### Recorded information
★ ★ ★ ★

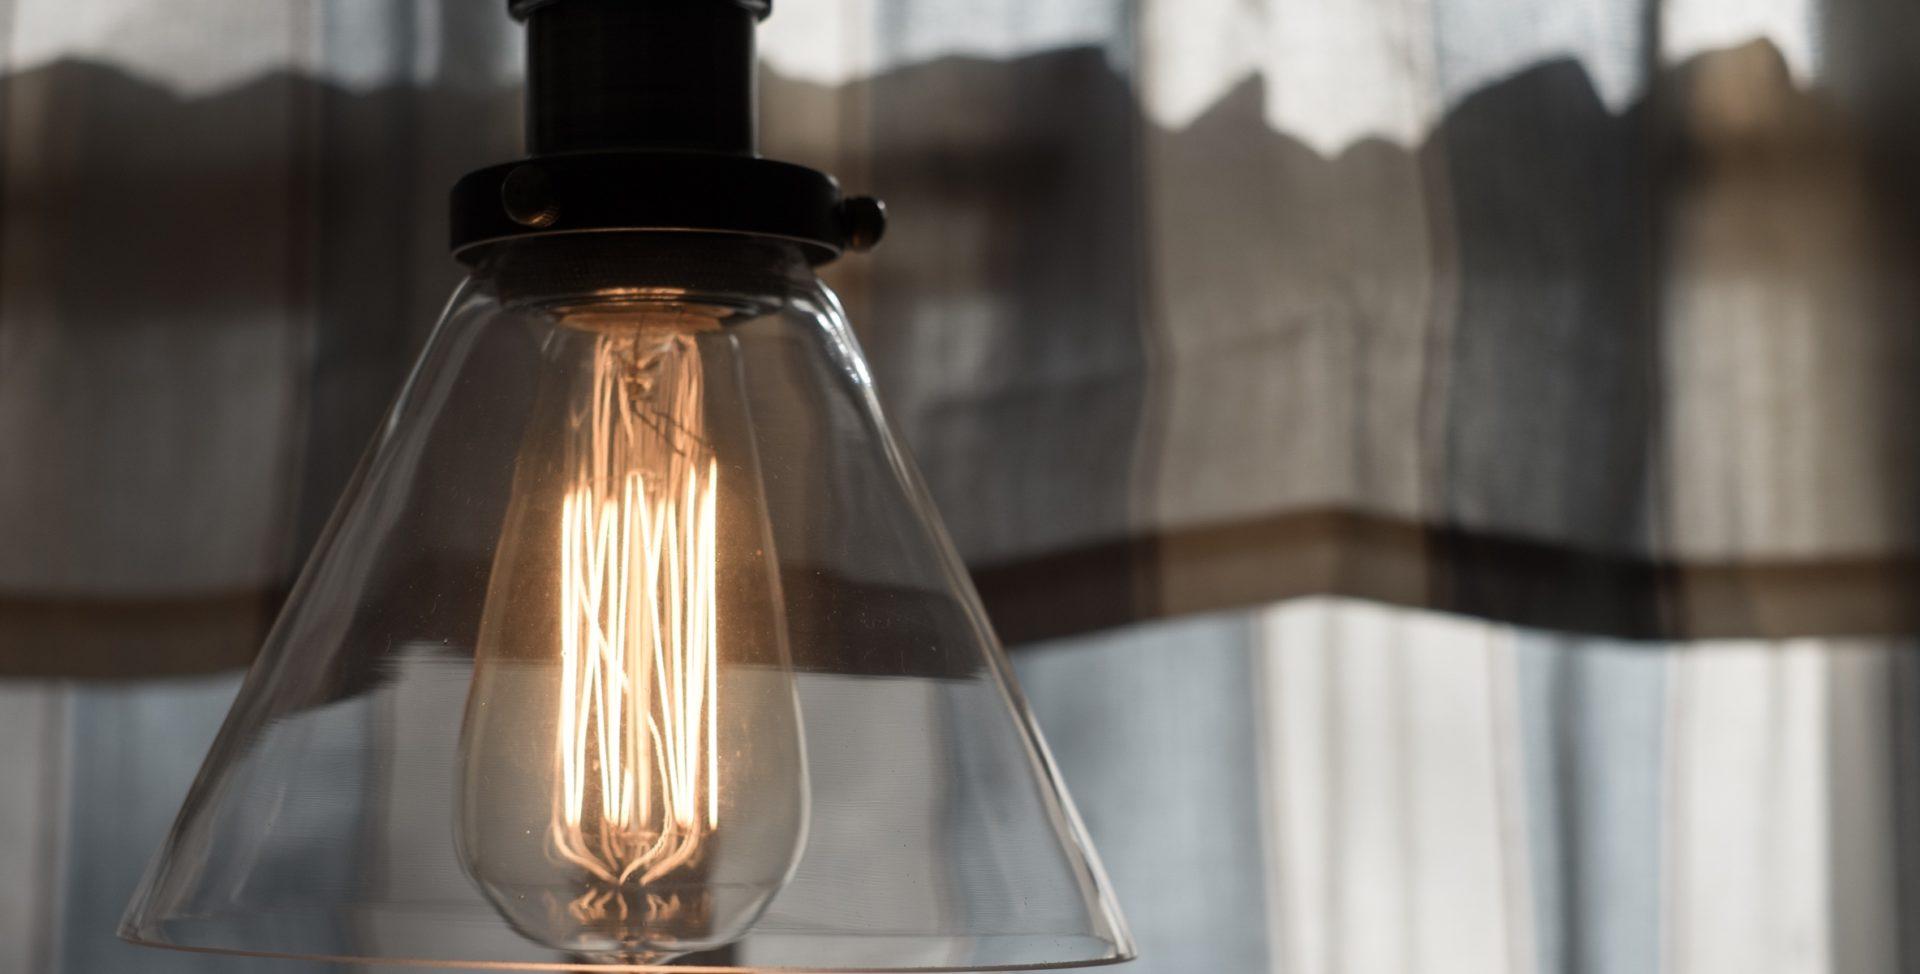 Filament lightbulb
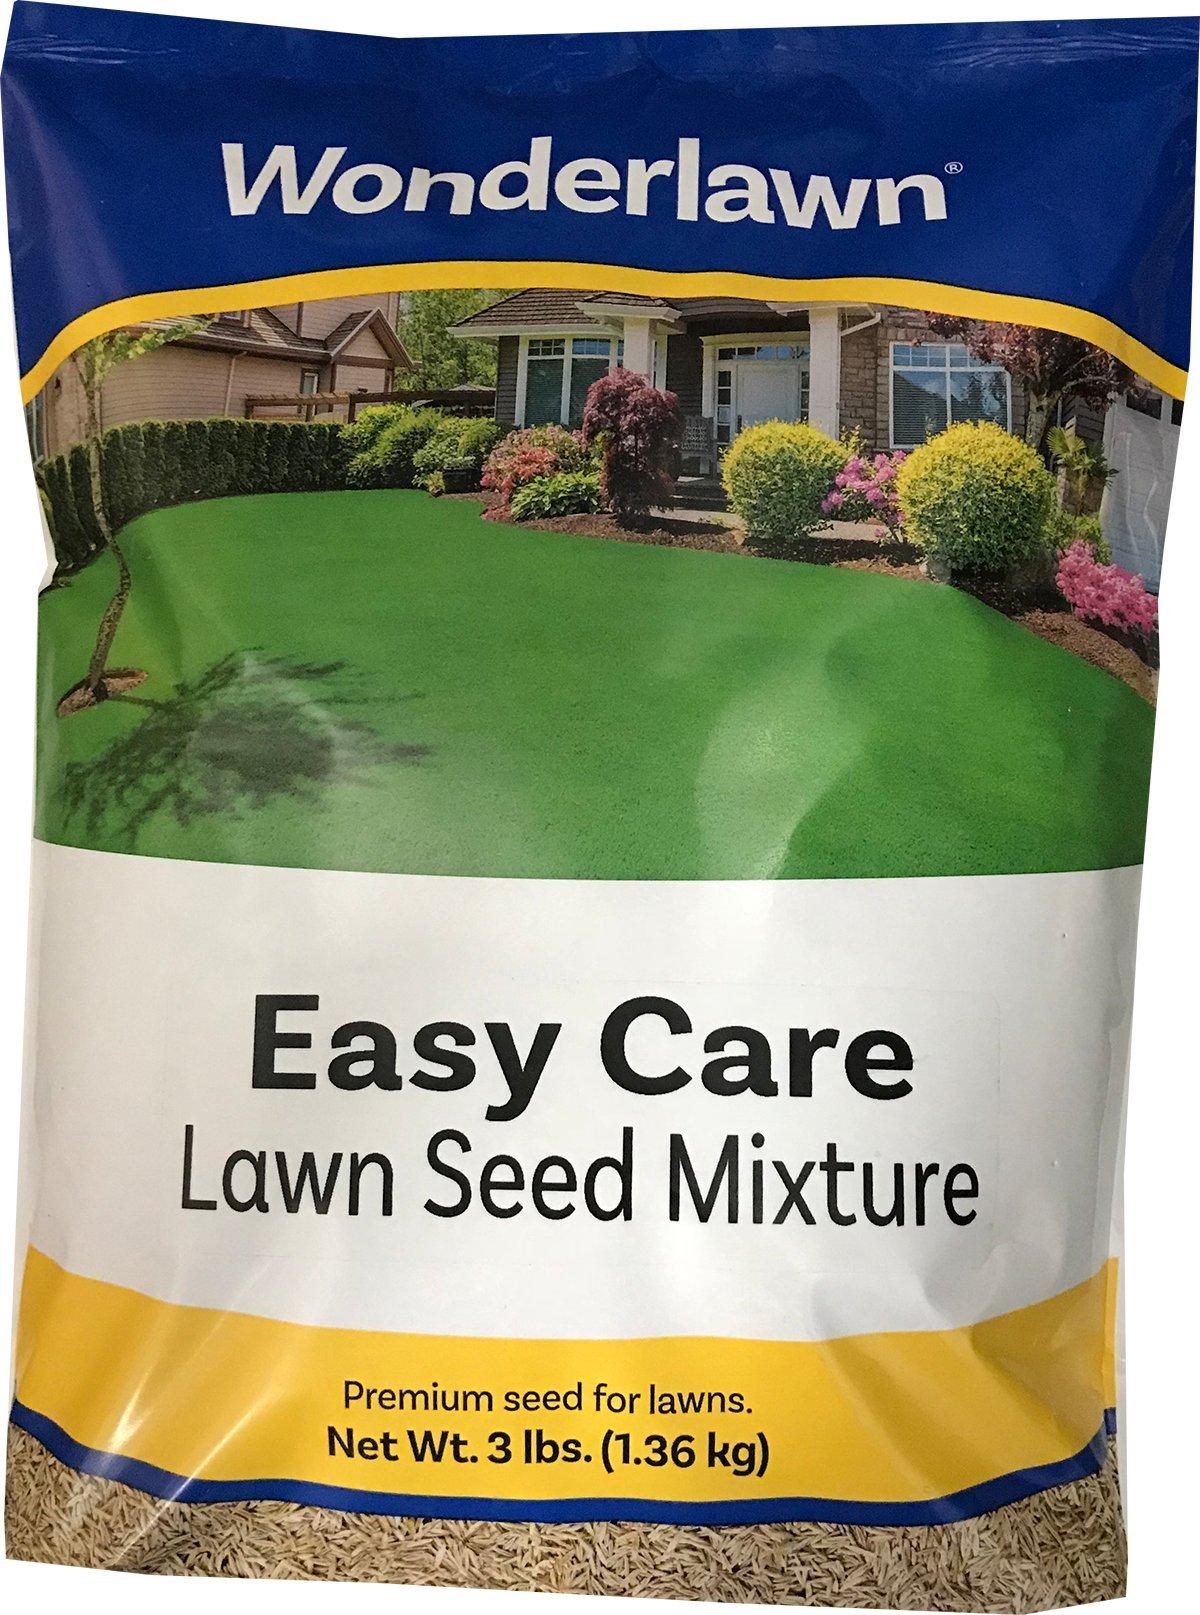 Wonderlawn 25462 EasyCare3North Lawn Seed Mixture, 3 lb
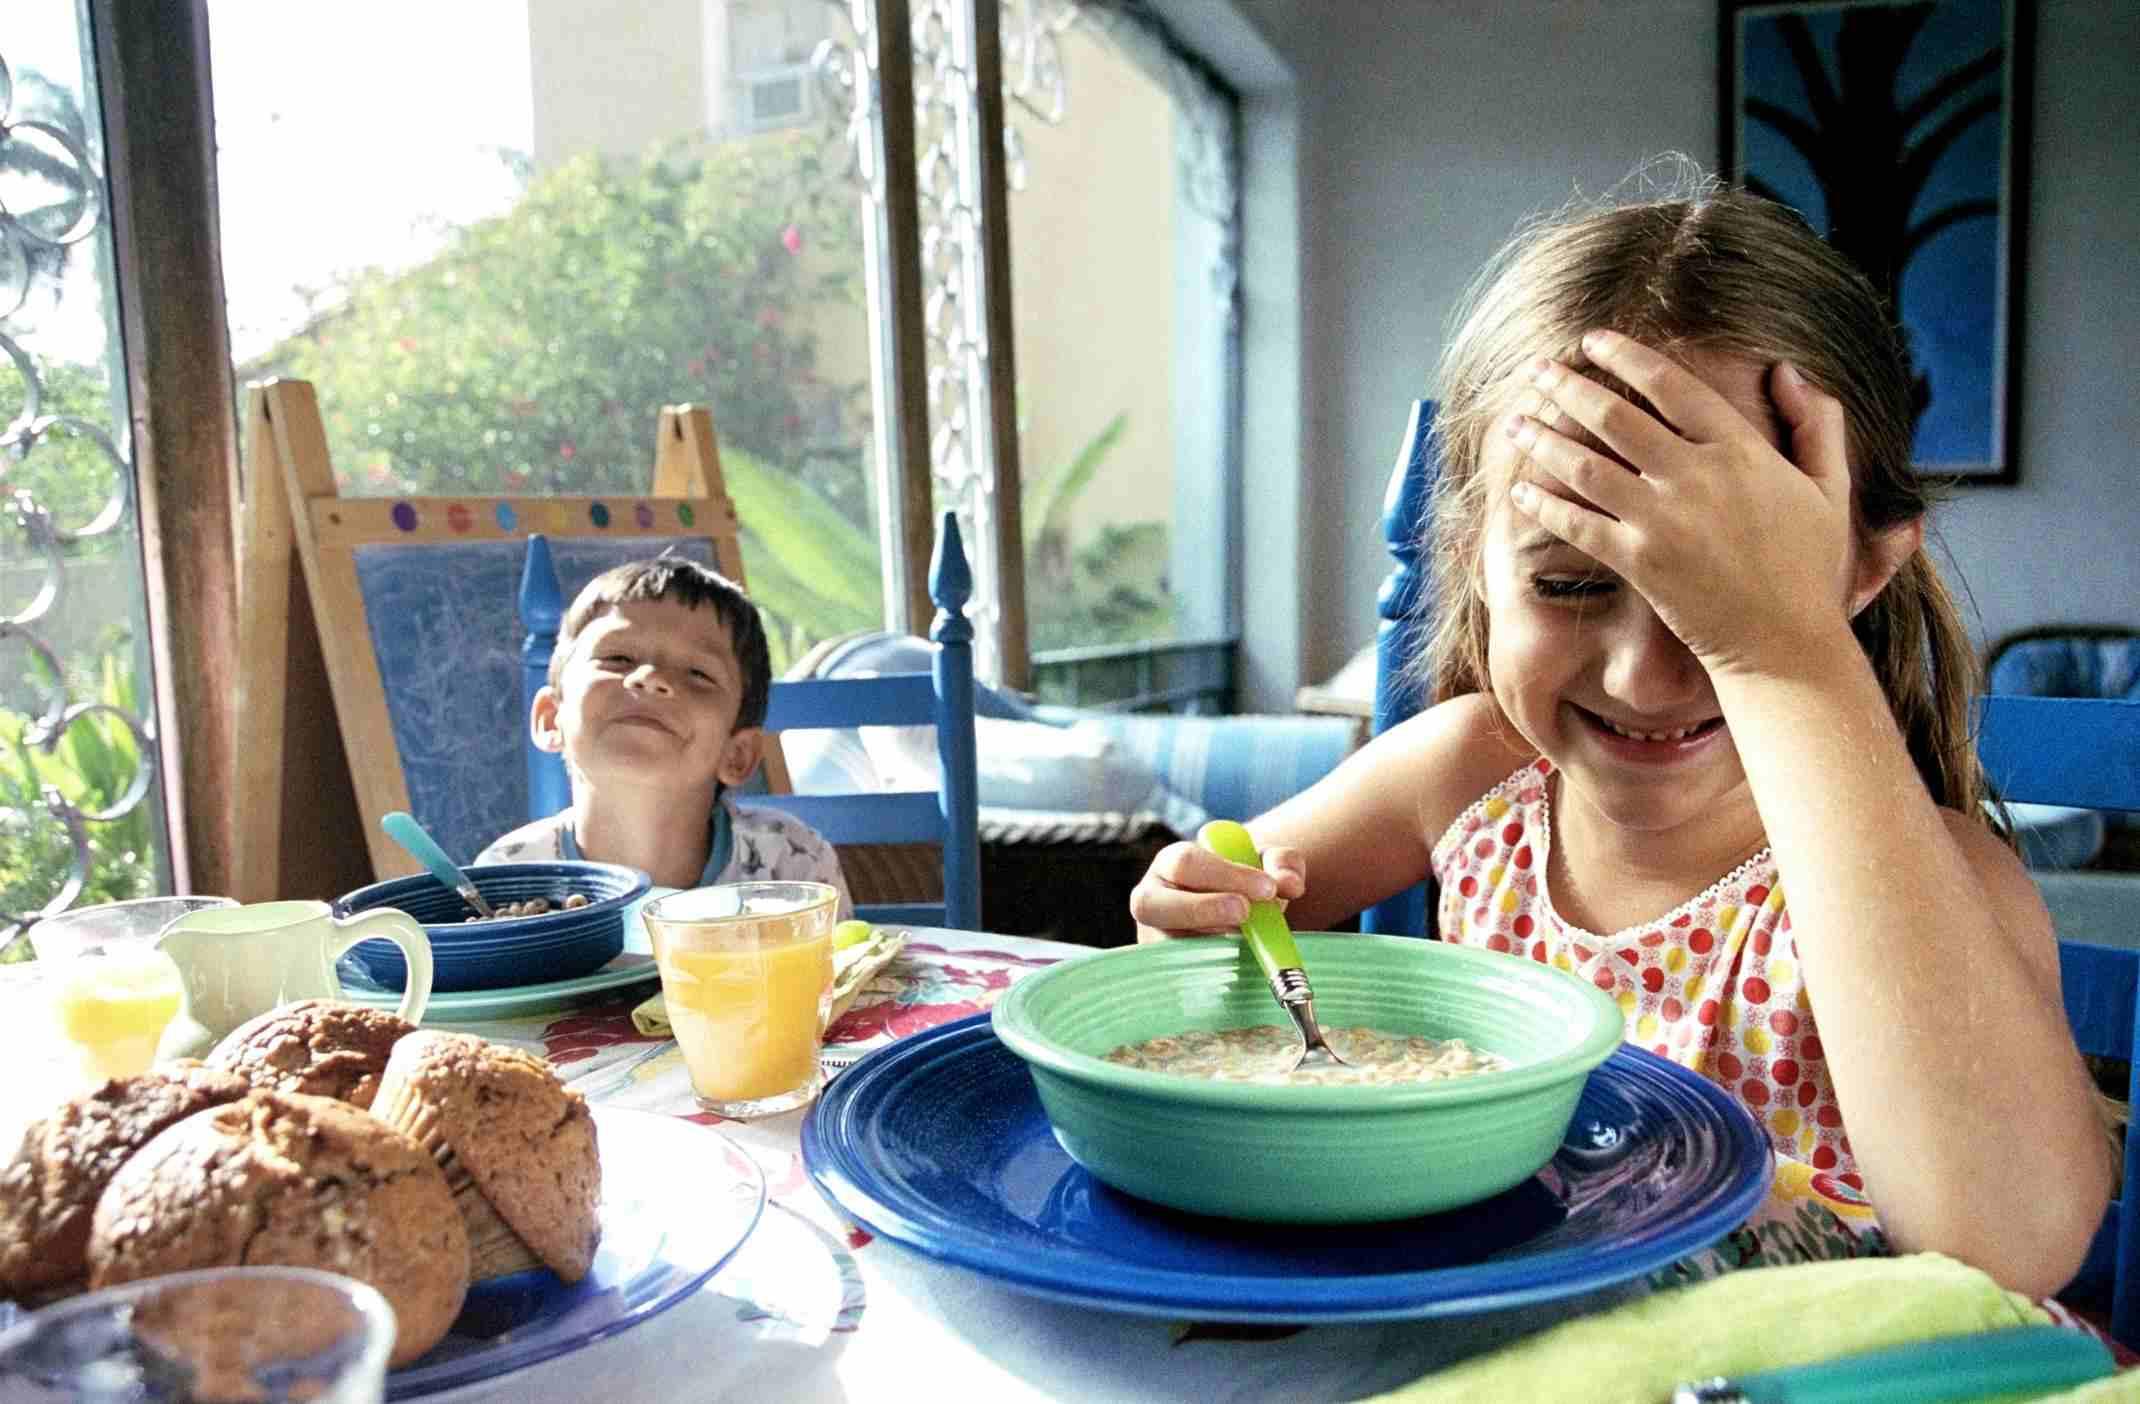 Children smiling at breakfast table

★ ★ ★ ★

### Exercise
Leaving every picture aside, transcribe exactly the lines from the one that contains "Wonderlawn 25462 EasyCare3North" through the final line of the listing above, inclusive.

### Exercise output
 Wonderlawn 25462 EasyCare3North Lawn Seed Mixture, 3 lb
 Children smiling at breakfast table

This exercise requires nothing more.